Arasan had 26% after 154 games(probably 40/154) when it only played against Crafty in the first 154 games and it has 42% after 785 games.
I do not believe that arasan is strong enough to score more than 40% against programs like fruit and glaurung and it seems that something is wrong in your test(maybe you are wrong in adjudicating part of the games of arasan against other opponents).
The adjudication is not wrong. I have played several thousand games and compared results to the output of Crafty's search. The rules are simple:
(1) if one side has no legal moves and is in check, he is checkmated and loses (loss).
(2) if one side has no legal moves and is not in check, he is stalemated (draw).
(3) if the position is repeated for the third time with the same side on move, it is a draw by repetition.
(4) if the position satisfies the 50-move rule, it is a draw.
(5) if the position has no pawns and only one minor piece per side, it is a draw, and yes I know there is an exception. I've never seen it happen in a real game and find it reasonable to say draw.

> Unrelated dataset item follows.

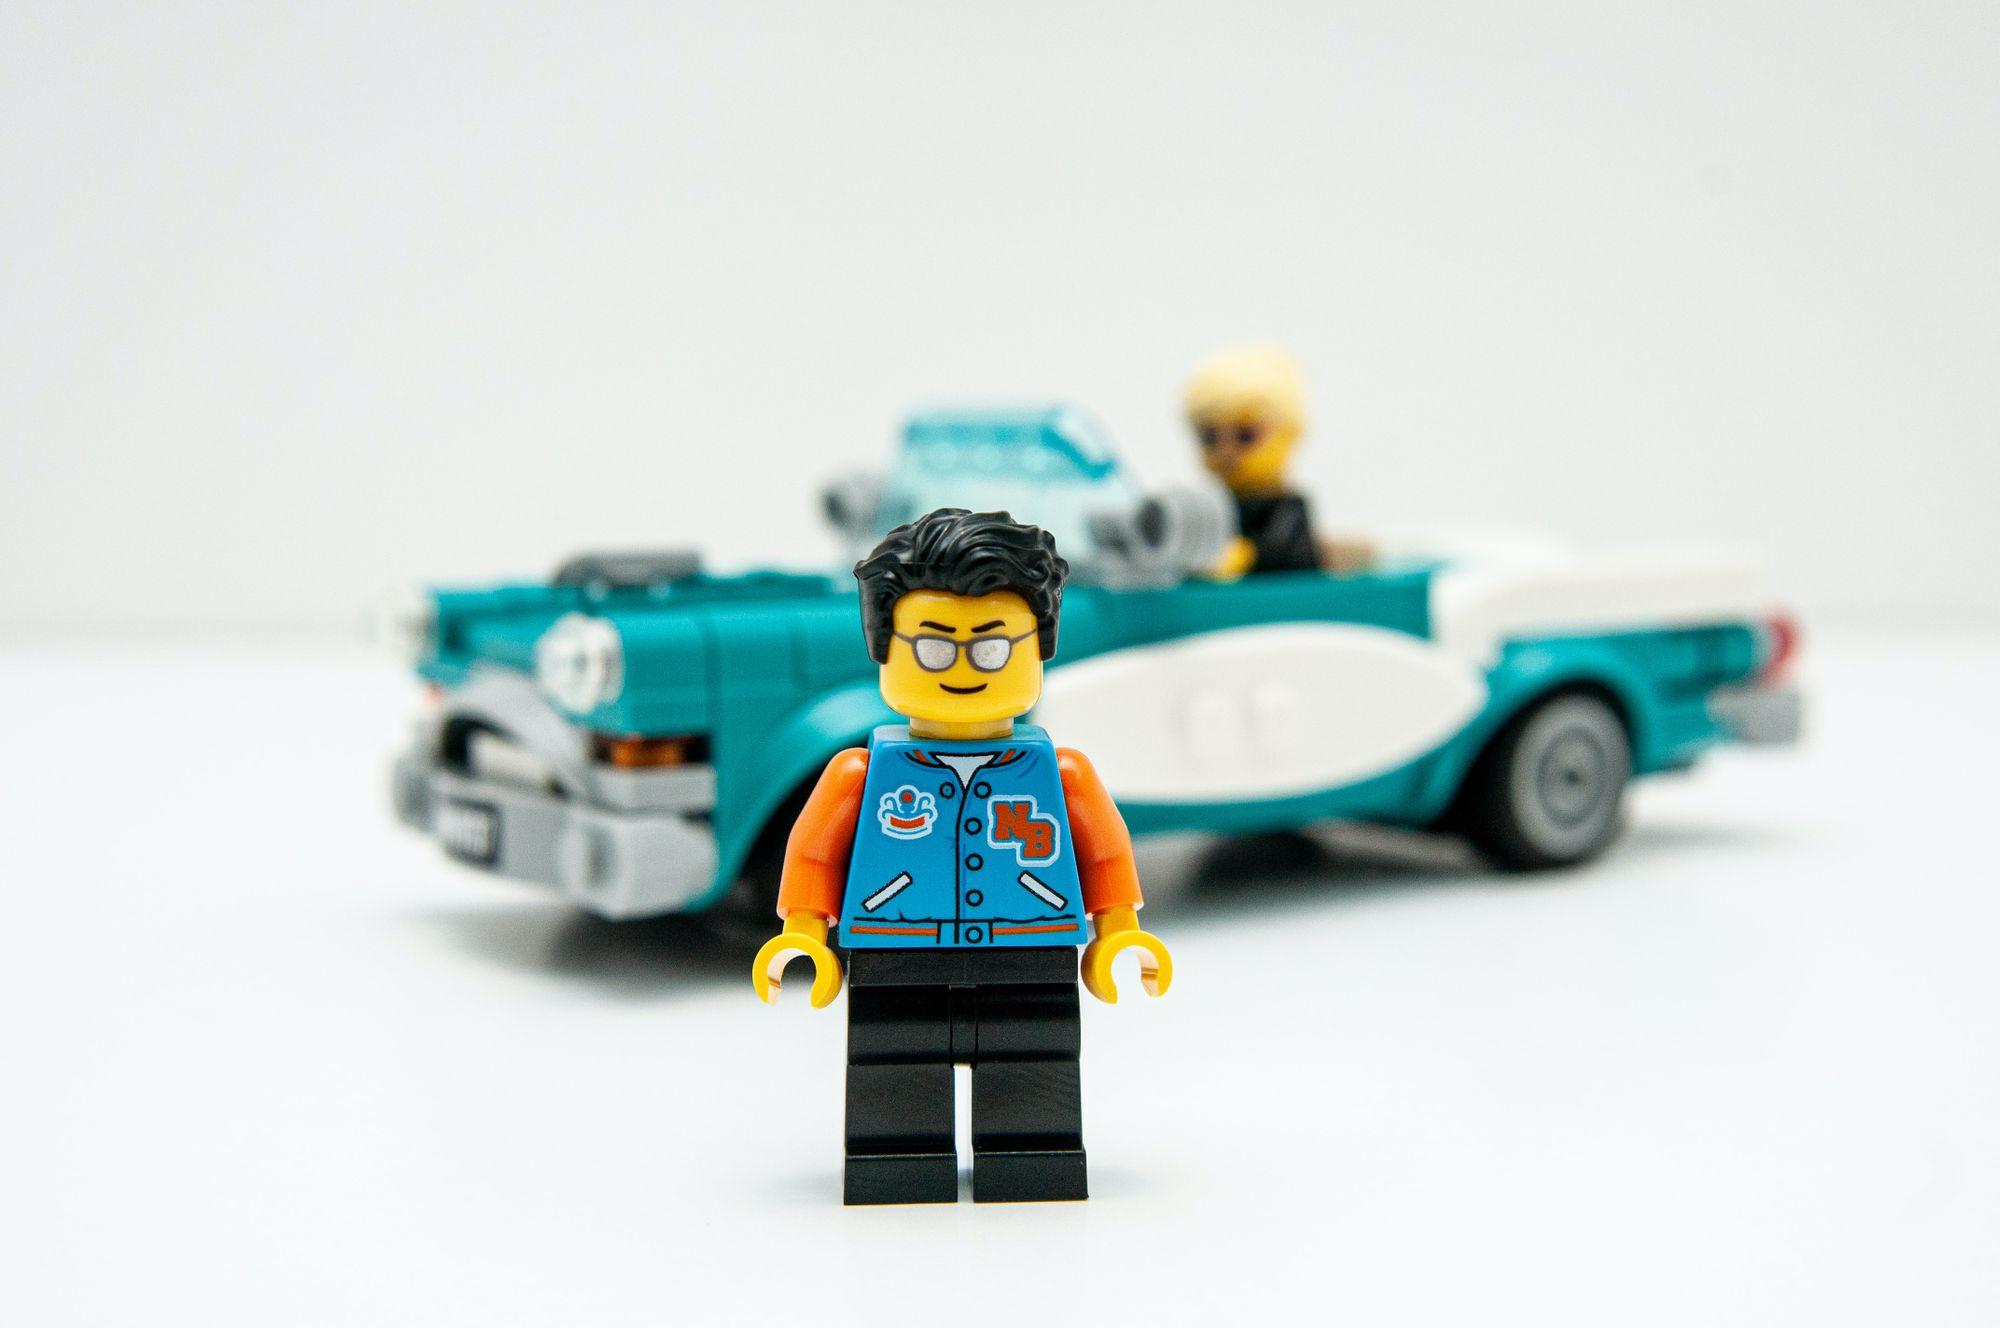 φιγούρα playmobli με αυτοκίνητο

(6) if one side resigns, it is a loss.
I played several thousand test games between Crafty and the 5 opponents, I then grabbed the Result tag, and the last value from Crafty's search, and correlated them by hand. Since crafty is always +=good for white, it was easy to verify that the side with the evaluation edge always got the edge except for a few draws, in cases where Crafty thought it was worse but the opponent repeated or allowed a 50-move draw, for example.
Once I get a complete set of data, I'll put the whole thing on my ftp box if you want to look at the results for yourself. No program can end the game in any way except by resigning, which is an instant loss. Otherwise the referee detects the mates and such itself.